In part C, this treatment will be blinded until part B has been unblinded. After unblinding, patients will continue to receive the same treatment they had received in part B: GB1211 and atezolizumab or atezolizumab only (no placebo) if they experience continued benefit from treatment. The patients will be treated until disease progression or unacceptable toxicity.

After the end of the study treatment all patients will be followed 4 weeks for safety, regardless of the study part in which the last study treatment was given.

Study Timeline

• Study First Submitted: 2022-01-27
• Study First Submitted QC: 2022-02-14
• Study First Posted: 2022-02-15
• Study Start: 2022-03-15
• Status Verified: 2024-04
• Last Update Submitted: 2024-04-11
• Last Update Posted: 2024-04-12
• Primary Completion: 2024-05-30
• Study Completion: 2025-11-01

Recruitment & Eligibility

• Status: ACTIVE_NOT_RECRUITING
• Sex: All
• Target Recruitment: 88

Inclusion Criteria

Not provided

Exclusion Criteria

Not provided

Study & Design

• Study Type: INTERVENTIONAL
• Study Design: PARALLEL

Arm && Interventions

Group	Intervention	Description
Part B - GB1211 (200 or 100 mg BID) or Placebo in addition to atezolizumab	Placebo	Part B of the study, GB1211 (200 or 100 mg BID to be selected from part A) in addition to atezolizumab, for 12 weeks
Part C - Extension of GB1211 (200 or 100 mg BID) or Placebo in addition to atezolizumab	Placebo	Extension of GB1211 in addition to atezolizumab until part B has been unblinded. Extension of placebo in addition to atezolizumab until part B has been unblinded
Part A - GB1211 200 mg and 100 mg BID in combination with atezolizumab.	GB1211	Part A of the study, open-label sentinel dosing will be undertaken to assess safety and tolerability of GB1211 at 200 mg and 100 mg BID in combination with atezolizumab.
Part A - GB1211 200 mg and 100 mg BID in combination with atezolizumab.	Atezolizumab	Part A of the study, open-label sentinel dosing will be undertaken to assess safety and tolerability of GB1211 at 200 mg and 100 mg BID in combination with atezolizumab.
Part B - GB1211 (200 or 100 mg BID) or Placebo in addition to atezolizumab	GB1211	Part B of the study, GB1211 (200 or 100 mg BID to be selected from part A) in addition to atezolizumab, for 12 weeks
Part B - GB1211 (200 or 100 mg BID) or Placebo in addition to atezolizumab	Atezolizumab	Part B of the study, GB1211 (200 or 100 mg BID to be selected from part A) in addition to atezolizumab, for 12 weeks
Part C - Extension of GB1211 (200 or 100 mg BID) or Placebo in addition to atezolizumab	Atezolizumab	Extension of GB1211 in addition to atezolizumab until part B has been unblinded. Extension of placebo in addition to atezolizumab until part B has been unblinded
Part C - Extension of GB1211 (200 or 100 mg BID) or Placebo in addition to atezolizumab	GB1211	Extension of GB1211 in addition to atezolizumab until part B has been unblinded.
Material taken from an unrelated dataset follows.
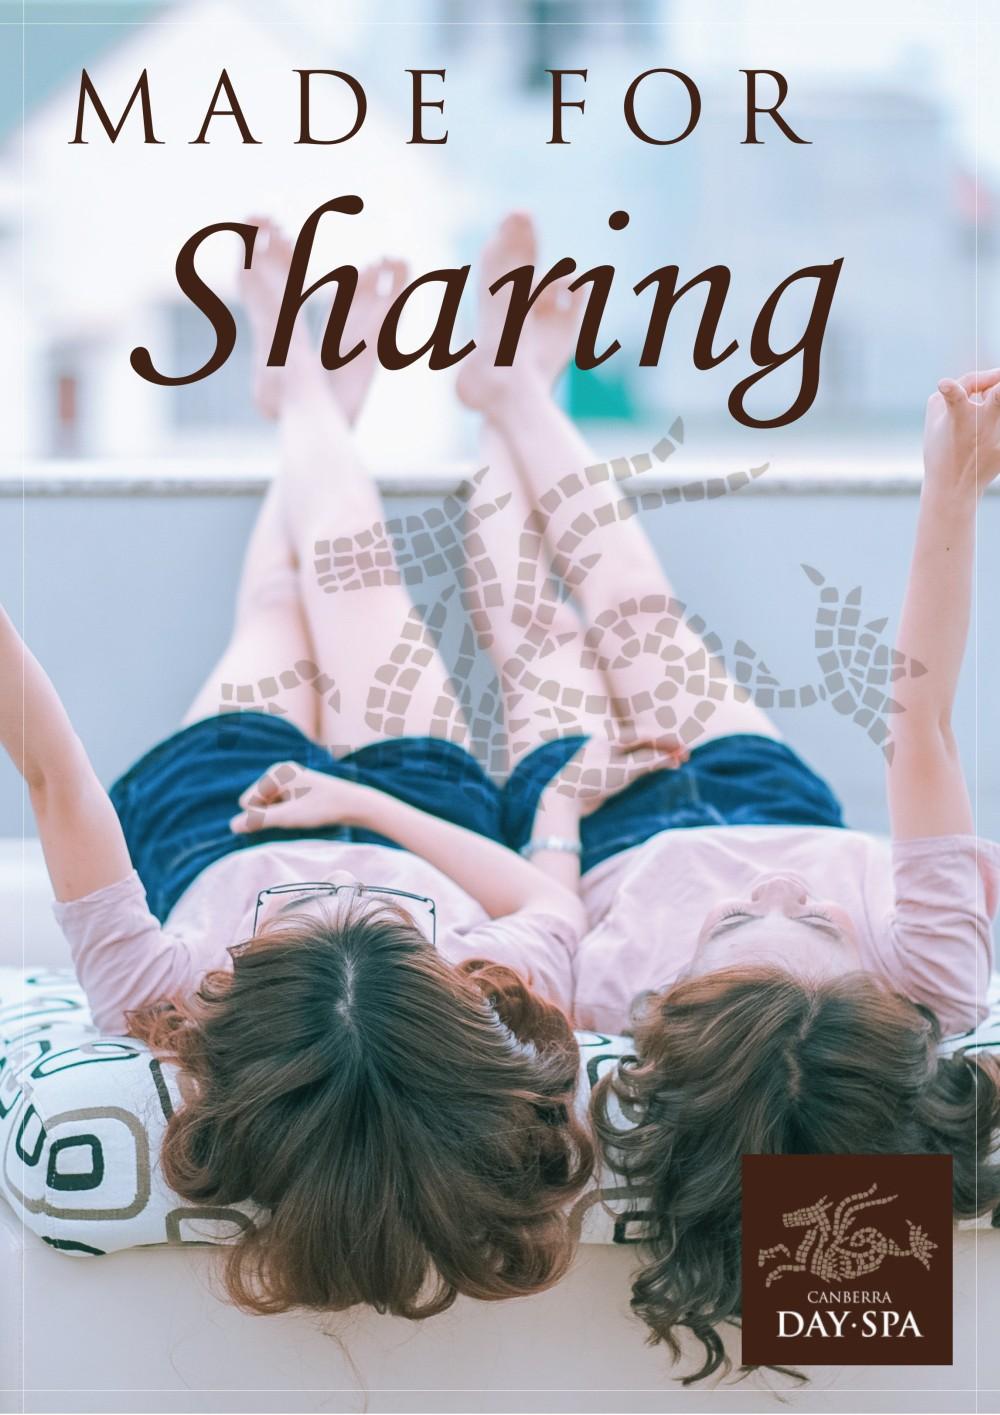 Made_for_sharing_2.jpg

Extension of placebo in addition to atezolizumab until part B has been unblinded

Primary Outcome Measures

Name	Time	Method
PART A - To assess the safety and tolerability of GB1211 in combination with atezolizumab.	3 weeks	Incidence and severity of adverse events as reported by investigators.
PART B - To assess the safety and tolerability of GB1211 in combination with atezolizumab compared to atezolizumab and placebo	12 weeks	Incidence and severity of adverse events
Part B -To assess the efficacy of GB1211 compared to placebo by measuring the change of the longest diameters of target lesions at week 12.	12 weeks	Independent central review of CT, PET/CT or MRI scan according to RECIST 1.1
Part C - To assess the long-term safety and tolerability of GB1211 in combination with atezolizumab compared to atezolizumab alone.	12 - 40 weeks	Incidence and severity of adverse events.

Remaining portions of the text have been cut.